One mole of an ideal diatomic gas expands from volume $$V$$ to $$2 V$$ isothermally at a temperature $$27^{o}C$$ and does W joule of work. lf the gas undergoes same magnitude of expansion adiabatically from $$27^{o}C$$ doing the same amount of work $$W$$, then its final temperature will be (close to) ____ $$^{\circ}C.$$
$$(\log_{e}2 = 0.693)$$

We have one mole of an ideal diatomic gas. We need to compare isothermal and adiabatic expansions from volume $$V$$ to $$2V$$, both starting at $$27^\circ C$$ (i.e., $$T = 300$$ K).

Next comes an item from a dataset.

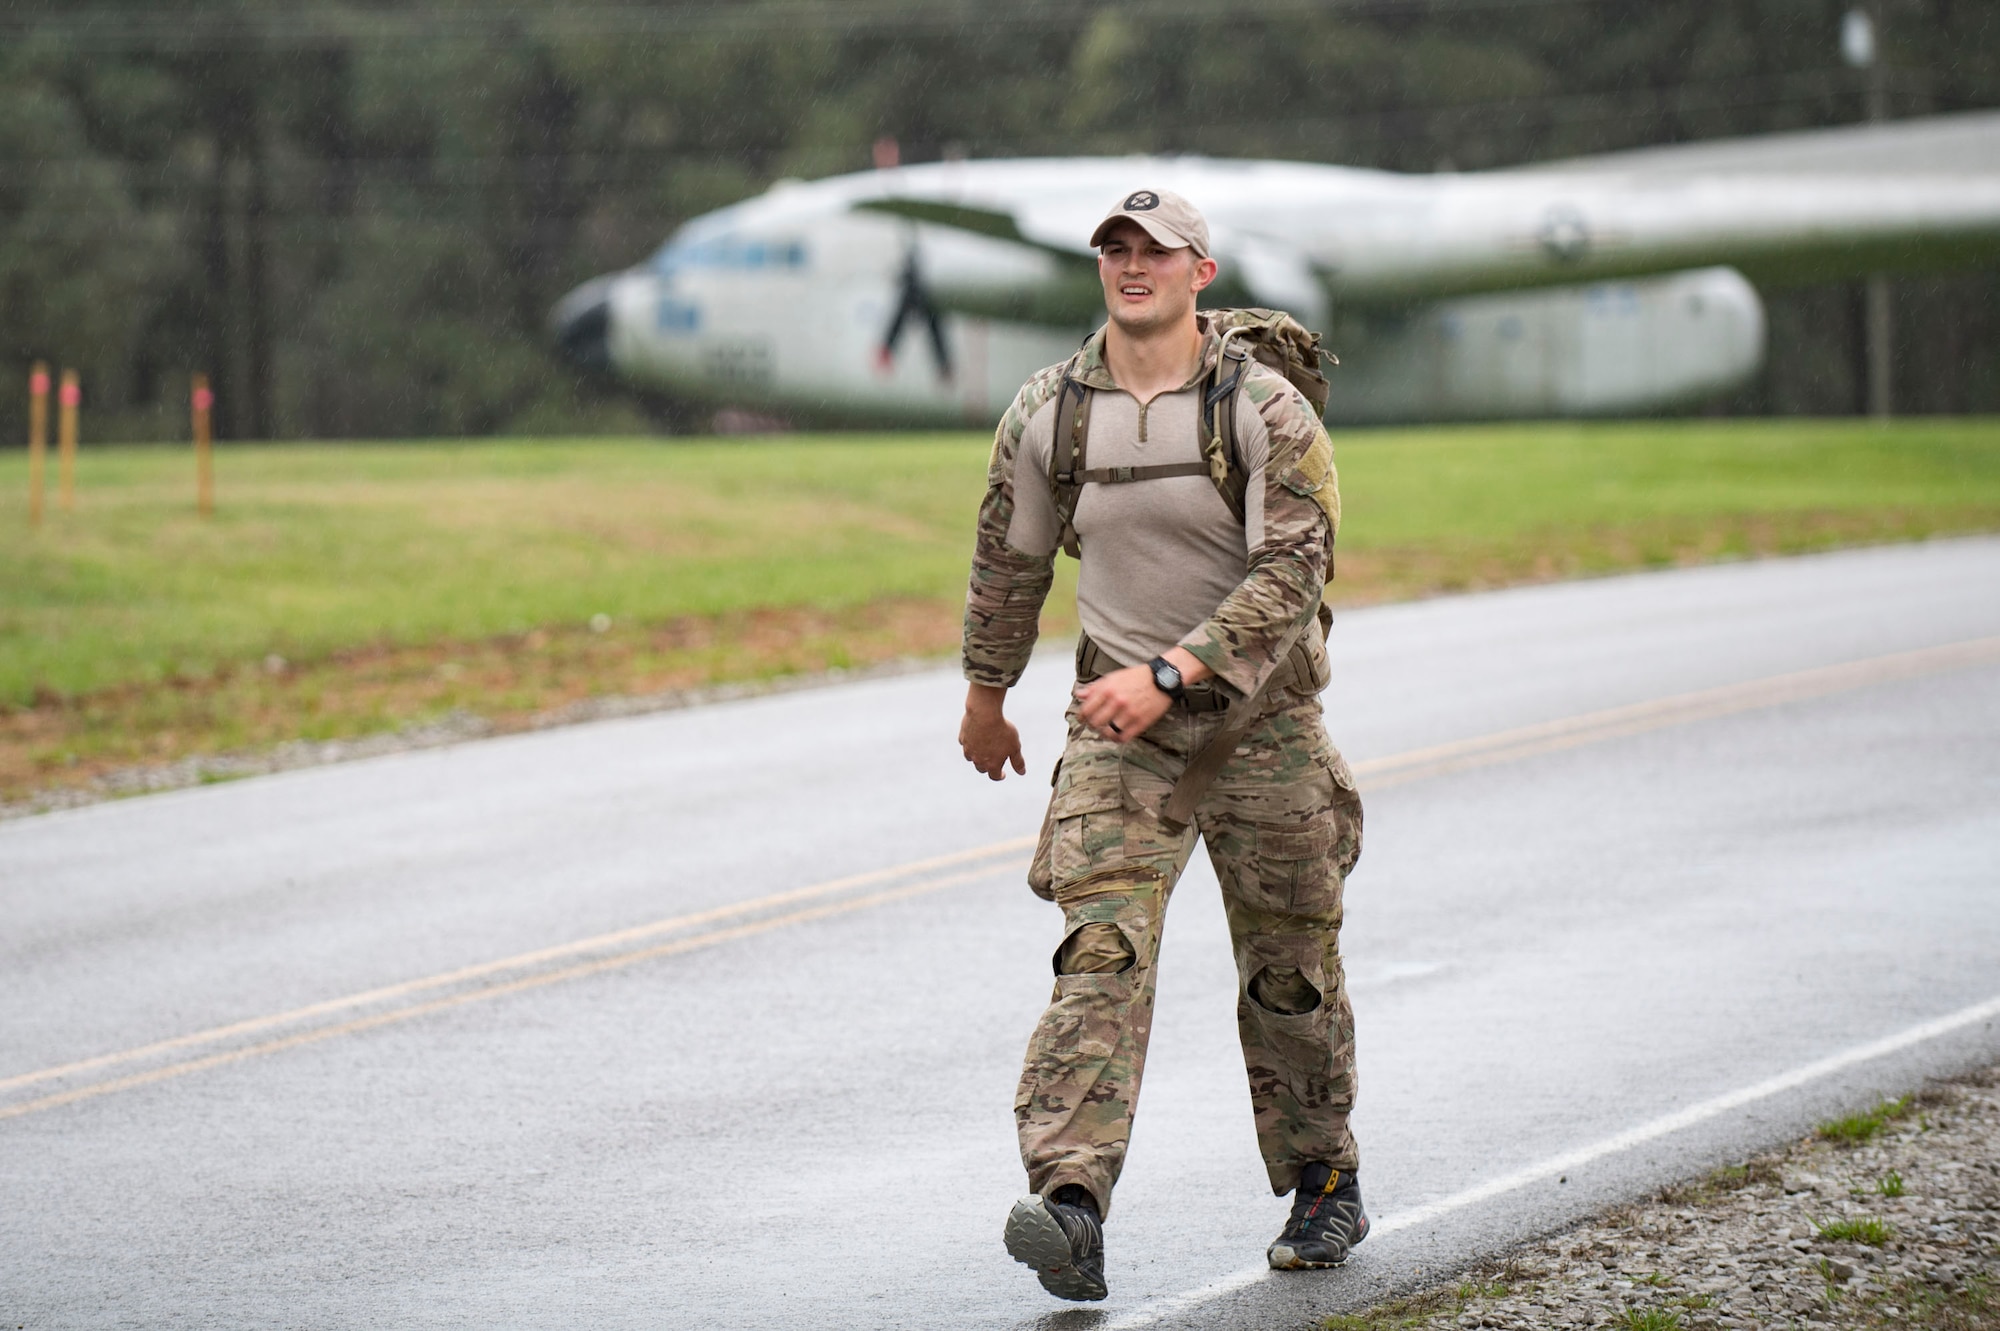 U.S. Air Force Staff Sgt. Kenneth Bartle, 19th Air Support Operations Squadron Tactical Air Control Party specialist finishes a rucksack march during a German armed forces proficiency assessment, April 6, 2017, at Fort Campbell, Ky. To enhance their ability to work together in deployed locations, members of the German Air Force travelled to Fort Campbell to train and exercise with the 19th ASOS. While at Fort Campbell, The German Air Force members hosted a German armed forces proficiency assessment for Airmen consisting of shooting firearms, swimming, agility exercises and a rucksack march.

For isothermal expansion of an ideal gas:

$$W = nRT \ln\left(\frac{V_f}{V_i}\right) = 1 \times R \times 300 \times \ln 2 = 300R \times 0.693$$

For an adiabatic process, the work done by the gas is:

$$W = \frac{nR(T_1 - T_2)}{\gamma - 1}$$

For a diatomic gas, $$\gamma = \frac{7}{5}$$, so $$\gamma - 1 = \frac{2}{5}$$.

Since both processes do the same work $$W$$:

$$300R \times 0.693 = \frac{R(300 - T_2)}{2/5}$$

$$300 \times 0.693 = \frac{5}{2}(300 - T_2)$$

$$207.9 = 2.5(300 - T_2)$$

$$300 - T_2 = \frac{207.9}{2.5} = 83.16$$

$$T_2 = 300 - 83.16 = 216.84 \text{ K}$$

$$T_2 = 216.84 - 273 \approx -56^\circ C$$

The correct answer is Option 4: $$-56^\circ C$$.